Fourth Sunday of Easter: The Gate


ACTS 2:14a, 36-41; PS 23:1-2a, 3b-4, 5, 6; 1PT 2:20b-25; JN 10:1-10

This Sunday’s readings present Jesus to us as the Good Shepherd and as the gate to the sheepfold.

The reading from Acts is short, the end of Peter’s preaching on Pentecost and the people’s reply. The people ask him, “What are we to do?” Peter says, “Repent and be baptized, every one of you, in the name of Jesus Christ for the forgiveness of your sins.”

At the Easter Vigil we heard Paul say, “Are you unaware that we who were baptized into Christ Jesus were baptized into his death? We were indeed buried with him through baptism into death, so that, just as Christ was raised from the dead by the glory of the Father, we too might live in newness of life” (Rom 6:2-4).

Peter tells them that the proper response to his preaching is to be plunged into the death of Christ.

The conclusion of his preaching, by which “they were cut to the heart,” said, “Let the whole house of Israel know for certain that God has made both Lord and Christ this Jesus whom you crucified.” Last week, too, we saw that he began his preaching by saying, “This man, delivered up by the set plan and foreknowledge of God, you killed, using lawless men to crucify him.” You killed him!

But for Peter, this is not just accusation. It is a call to repentance. The people repent, and he says, if you have repented, then be plunged into his death. His death becomes your healing.

He says, “you will receive the gift of the Holy Spirit. For the promise is made to you and to your children.” You who have crucified him, you to whom he gave himself to be crucified, are the ones he promises to raise. The Cross becomes the tree of life. Christ comes so near that our sin becomes the place of our repentance and our being reborn with him.


The reading from Second Peter gives a practical view of the same mystery. “By his wounds you have been healed” because “He himself bore our sins in his body upon the cross.” It is his very closeness to our sin, his willingness to suffer from our sin, to meet us while we are yet sinners, that makes him the place of our rebirth.

Perhaps the key is when Peter says, “When he was insulted, he returned no insult; when he suffered, he did not threaten” – and so he tells us, too, “If you are patient when you suffer for doing what is good, this is a grace before God.” It is in our recognition of sin that we find the way out.

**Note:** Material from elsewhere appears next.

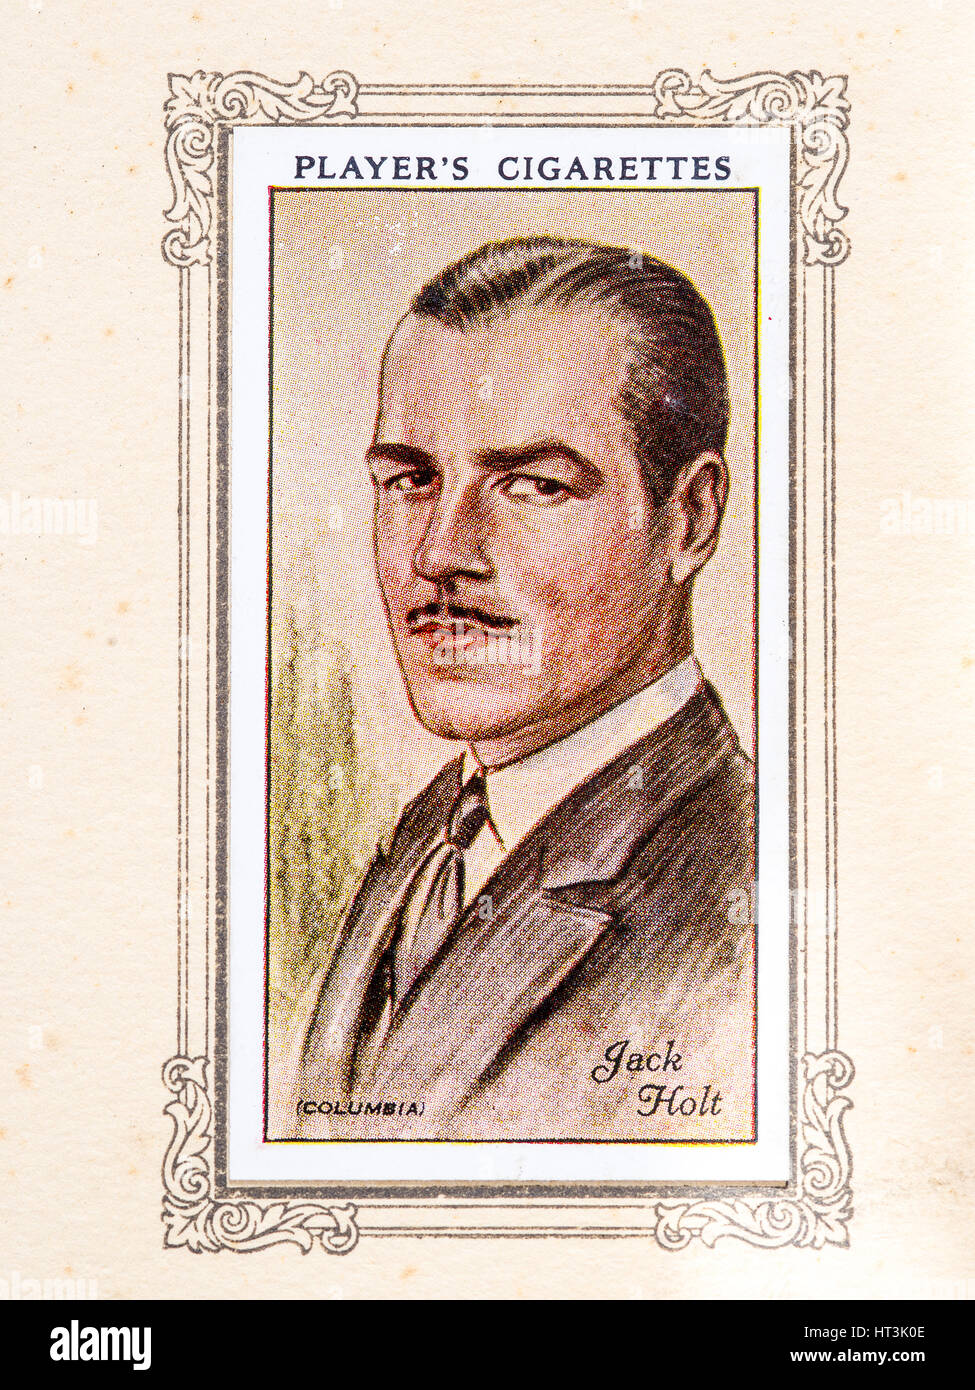 Jack Holt, 1934. Charles John Jack Holt Jr. (31. Mai 1888 - 18. Januar 1951) war ein amerikanischer Film Schauspieler Stockbild
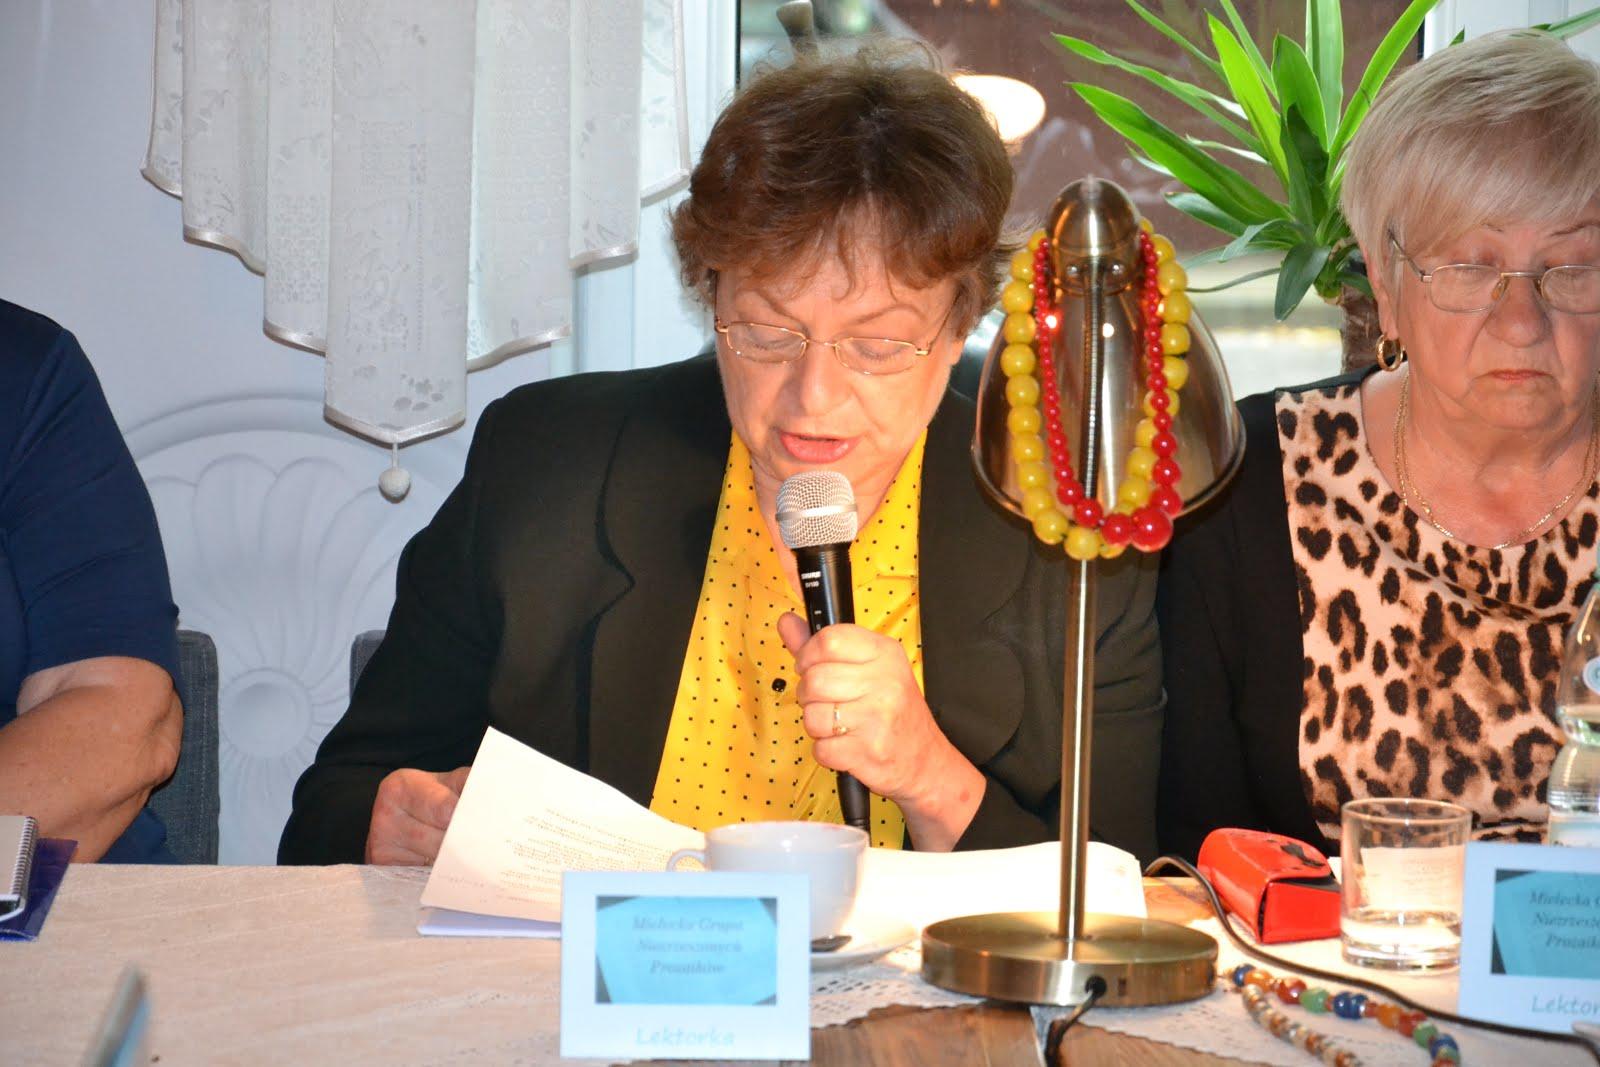 Maryla Karaś

We repent – and are baptized, entering into Christ’s total vulnerability, his willingness to stay with us no matter what, and always to be willing to suffer for doing good. It is only in this total identification with Christ – even to the receiving of his own spirit – that we can be freed.


The Gospel tells us about the Good Shepherd and his sheep. “The sheep follow him, because they know his voice.” This is the heart of the sheep analogy, throughout Scripture. What differentiates sheep from the other animals is above all that they follow. Their obedience is a kind of intelligence. “They recognize his voice. But they will not follow a stranger.”

But this week the main analogy is not that Jesus is the shepherd – that comes later in the tenth chapter of John, and elsewhere in the Lectionary. Here he says, “I am the gate for the sheep. . . . Whoever enters through me will be saved, and will come in and go out and find pasture.”

The identification goes deeper than just obedience. We are called to enter into Jesus. To be plunged into his Baptism. To be identified with him. That’s the real point of hearing his voice: not just blind obedience, but being so identified with him that we go where he goes, and are driven, not, like cows, by sticks, but by his Spirit, and the sheep’s love for its master.


The Psalm is “The Lord is my shepherd.” But now we can see more deeply into it. I shall not want. He refreshes my soul. When the three thousand repented and were baptized at Pentecost, they saw that Jesus offers everything. There is no need to be the persecutor, because to die with Jesus is to possess everything. He may lead us into the dark valley, he may correct us with rod and staff, he may set a table for us in the sight of our enemies, but our cup overflows.

Do we really trust that dwelling in the house of Jesus will satisfy us?